Wherever an image appears in the data, omit it and copy all the remaining text word for word.

▸ **Dataset content**
+++
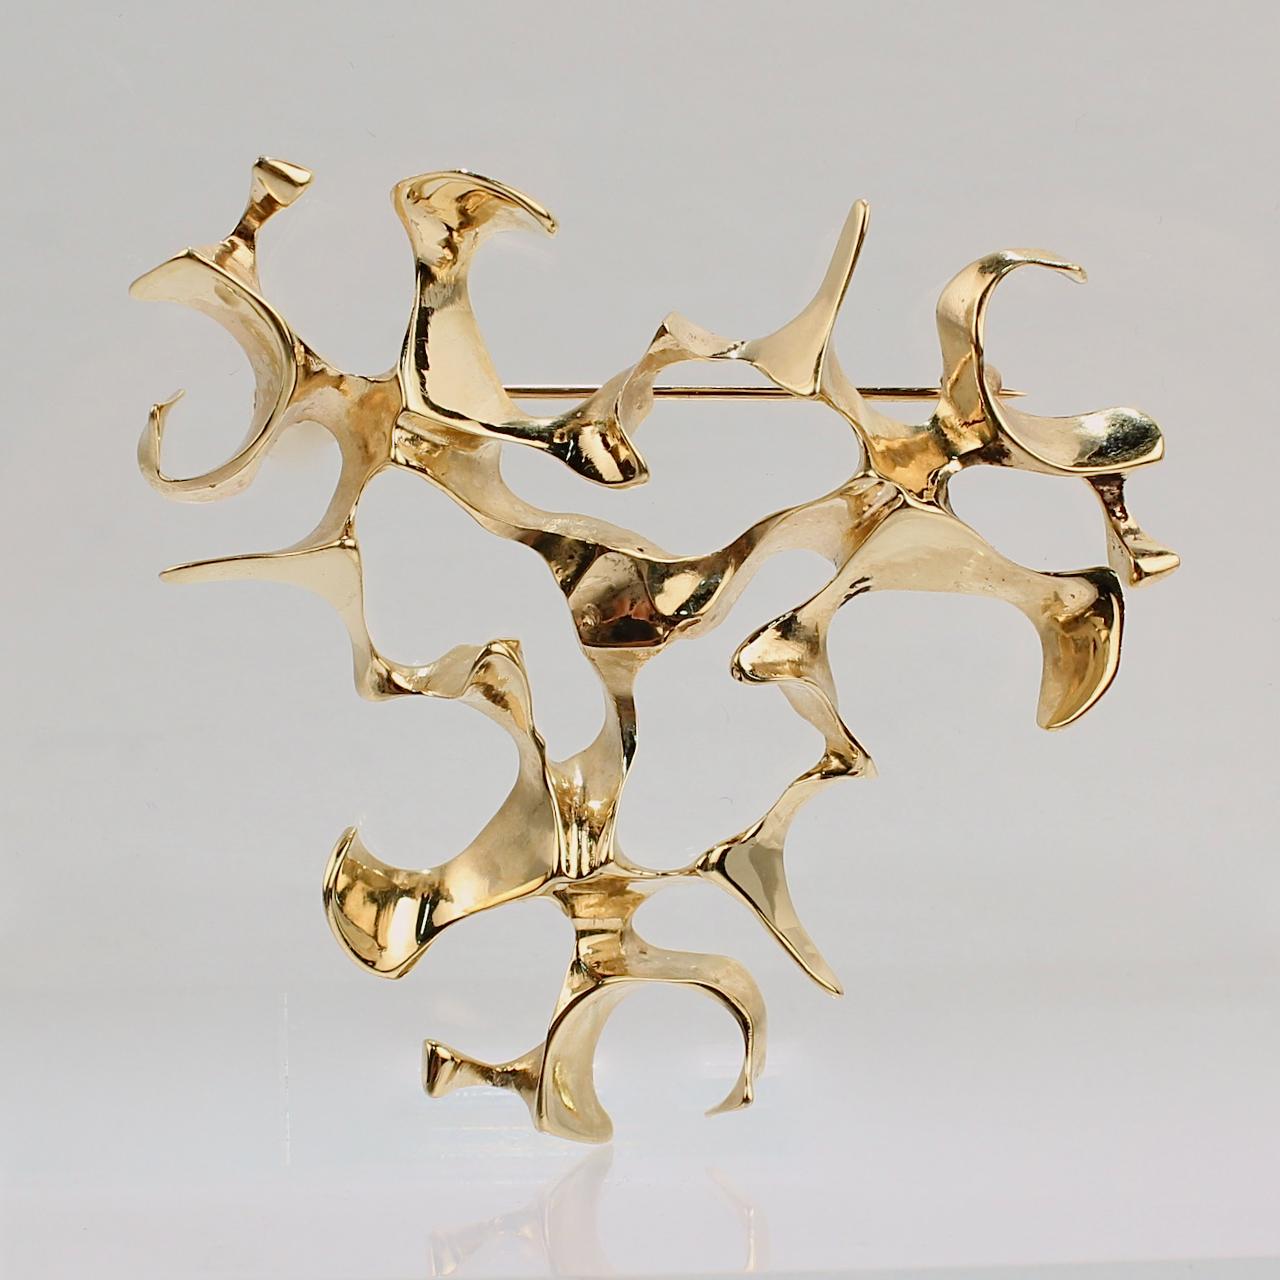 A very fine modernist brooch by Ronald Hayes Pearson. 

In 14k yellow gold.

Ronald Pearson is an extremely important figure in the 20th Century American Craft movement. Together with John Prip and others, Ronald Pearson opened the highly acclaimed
+++
▸ **The completed task**
 A very fine modernist brooch by Ronald Hayes Pearson. 

In 14k yellow gold.

Ronald Pearson is an extremely important figure in the 20th Century American Craft movement. Together with John Prip and others, Ronald Pearson opened the highly acclaimed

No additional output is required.